Love Dalén, profesor genetika evolusioner di Center for Palaeogenetics yang juga rekan penulis, mengatakan bahwa temuan itu menunjukkan badak tersisa masih memiliki “alat” untuk dapat menangani ancaman penyakit dan perubahan iklim beserta lingkungan di masa depan.

“Artinya, jika kita berhasil mendapatkan kembali jumlah badak dan melestarikan keanekaragaman genetiknya, ini akan sangat membantu upaya penyelamatan jangka panjang, ”kata Dalén.

Para peneliti juga melihat pola genetik populasi badak yang baru punah di Semenanjung Malaysia. Temuan menunjukkan, badak ini mengalami peningkatan perkawinan sekerabat yang cepat sebelum kepunahan, yang kemungkinan besar disebabkan populasinya yang kecil.

 

Badak sumatera di Saka Rhino Sumatera, Way Kambas, Lampung. Foto: Rhett Butler/Mongabay

 

Menjawab teka-teki genetik

Para ilmuwan pertama kali mengurutkan seluruh genom badak sumatera pada 2017, menggunakan sampel Ipuh, seekor jantan di Kebun Binatang Cincinnati, induk dari tiga keturunan.

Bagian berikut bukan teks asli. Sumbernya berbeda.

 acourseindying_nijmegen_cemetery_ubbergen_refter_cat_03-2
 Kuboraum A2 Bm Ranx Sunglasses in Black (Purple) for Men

Genom Ipuh menunjukkan bahwa spesies tersebut memiliki tingkat keragaman genetik relatif rendah, yang populasi badak sumatera di dunia mencapai puncaknya sekitar 57.800 individu, sejak zaman es terbaru. Setelah itu, populasinya terus menurun.

Pada 2017, para peneliti menyampaikan hasil analisis genom DNA mitokondria, tentang kapan tiga subspesies badak sumatera mulai menyimpang. Mereka menemukan, nenek moyang terbaru badak sumatera hidup sekitar 360.000 tahun silam dan subspesies mulai menyimpang sekitar 80.000 tahun lalu, sebagaimana peristiwa biogeografi utama di wilayah Sundaland.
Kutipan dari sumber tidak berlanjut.